Genotypical
Newcomer
I figure some here would have good ideas on this. One reason I suspect is the difference in scheduling. I usually link people to this article
https://www.anandtech.com/show/5699/nvidia-geforce-gtx-680-review/3
I assume later Nvidia architectures continued and improved on this. Things weren't as great with Kepler so I left it out of the title, but it started there. As long as just this one difference remains its very unlikely consumption numbers will match at the same or similar manufacturing node, right? are there other factors?
https://www.anandtech.com/show/5699/nvidia-geforce-gtx-680-review/3
The end result is an interesting one, if only because by conventional standards it’s going in reverse. With GK104 NVIDIA is going back to static scheduling. Traditionally, processors have started with static scheduling and then moved to hardware scheduling as both software and hardware complexity has increased. Hardware instruction scheduling allows the processor to schedule instructions in the most efficient manner in real time as conditions permit, as opposed to strictly following the order of the code itself regardless of the code’s efficiency. This in turn improves the performance of the processor.
However based on their own internal research and simulations, in their search for efficiency NVIDIA found that hardware scheduling was consuming a fair bit of power and area for few benefits. In particular, since Kepler’s math pipeline has a fixed latency, hardware scheduling of the instruction inside of a warp was redundant since the compiler already knew the latency of each math instruction it issued. So NVIDIA has replaced Fermi’s complex scheduler with a far simpler scheduler that still uses scoreboarding and other methods for inter-warp scheduling, but moves the scheduling of instructions in a warp into NVIDIA’s compiler. In essence it’s a return to static scheduling.

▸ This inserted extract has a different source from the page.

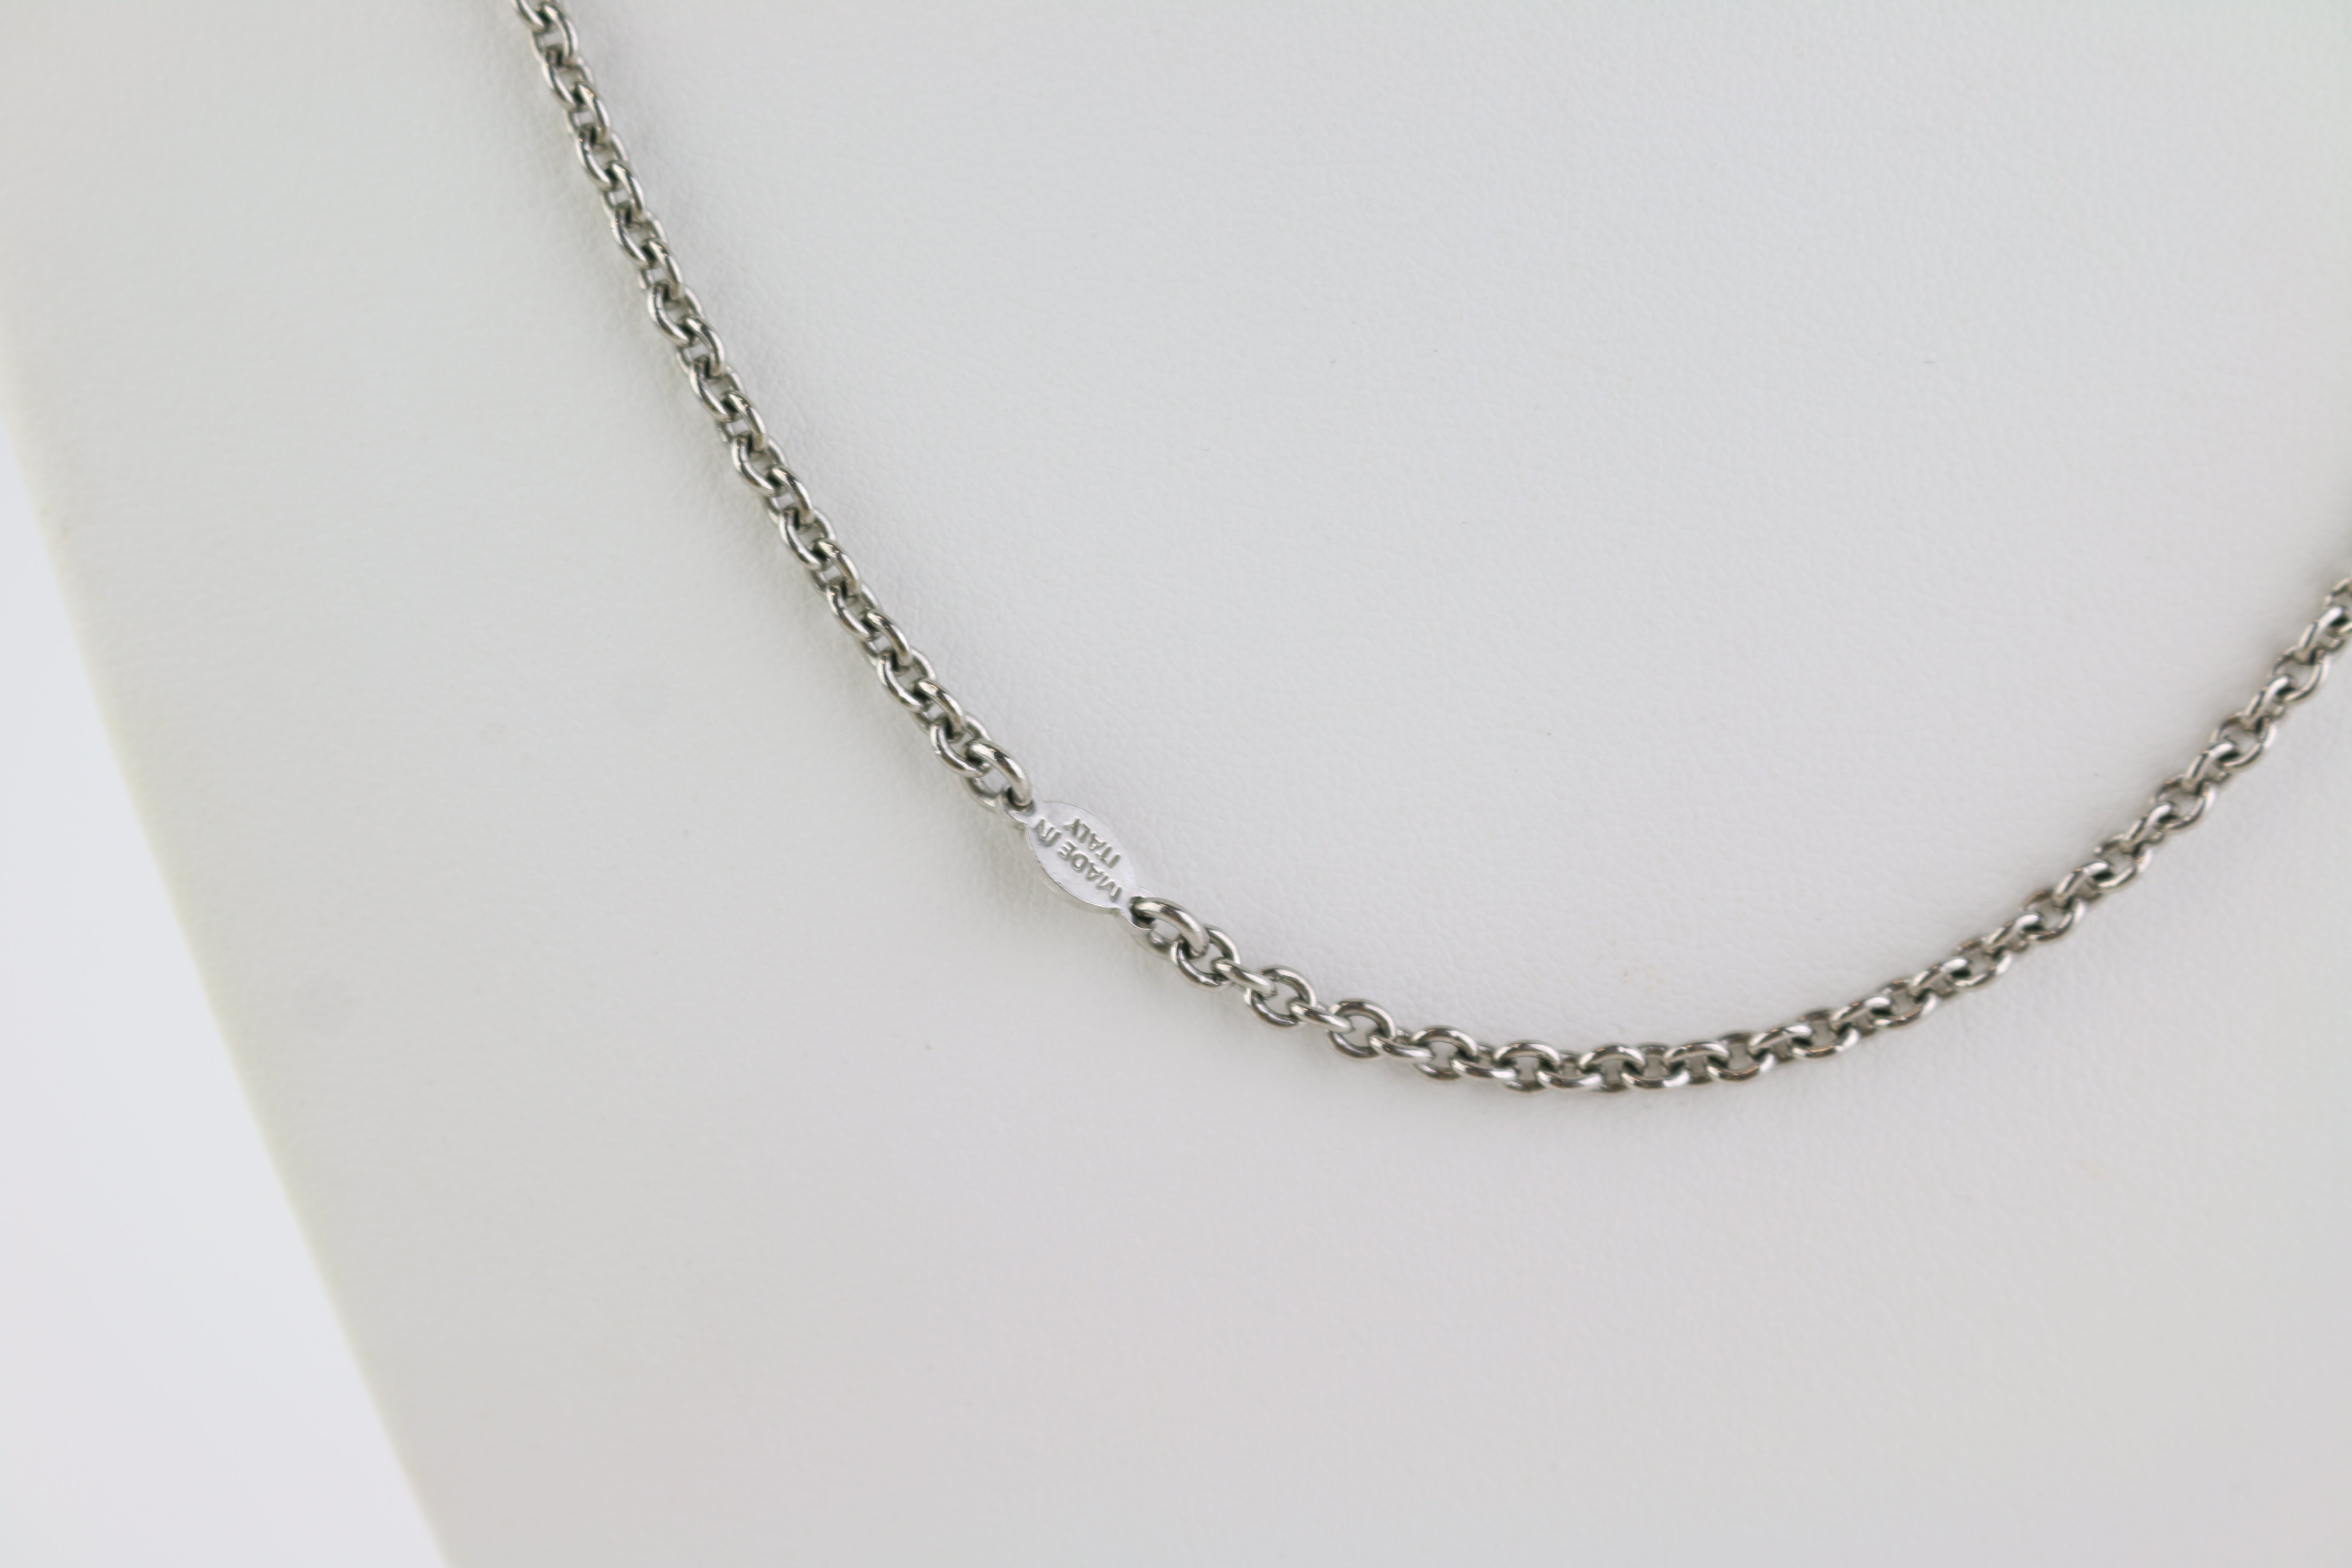 Silver/Crystal Skull Necklace

Ultimately it remains to be seen just what the impact of this move will be. Hardware scheduling makes all the sense in the world for complex compute applications, which is a big reason why Fermi had hardware scheduling in the first place, and for that matter why AMD moved to hardware scheduling with GCN. At the same time however when it comes to graphics workloads even complex shader programs are simple relative to complex compute applications, so it’s not at all clear that this will have a significant impact on graphics performance, and indeed if it did have a significant impact on graphics performance we can’t imagine NVIDIA would go this way.
I assume later Nvidia architectures continued and improved on this. Things weren't as great with Kepler so I left it out of the title, but it started there. As long as just this one difference remains its very unlikely consumption numbers will match at the same or similar manufacturing node, right? are there other factors?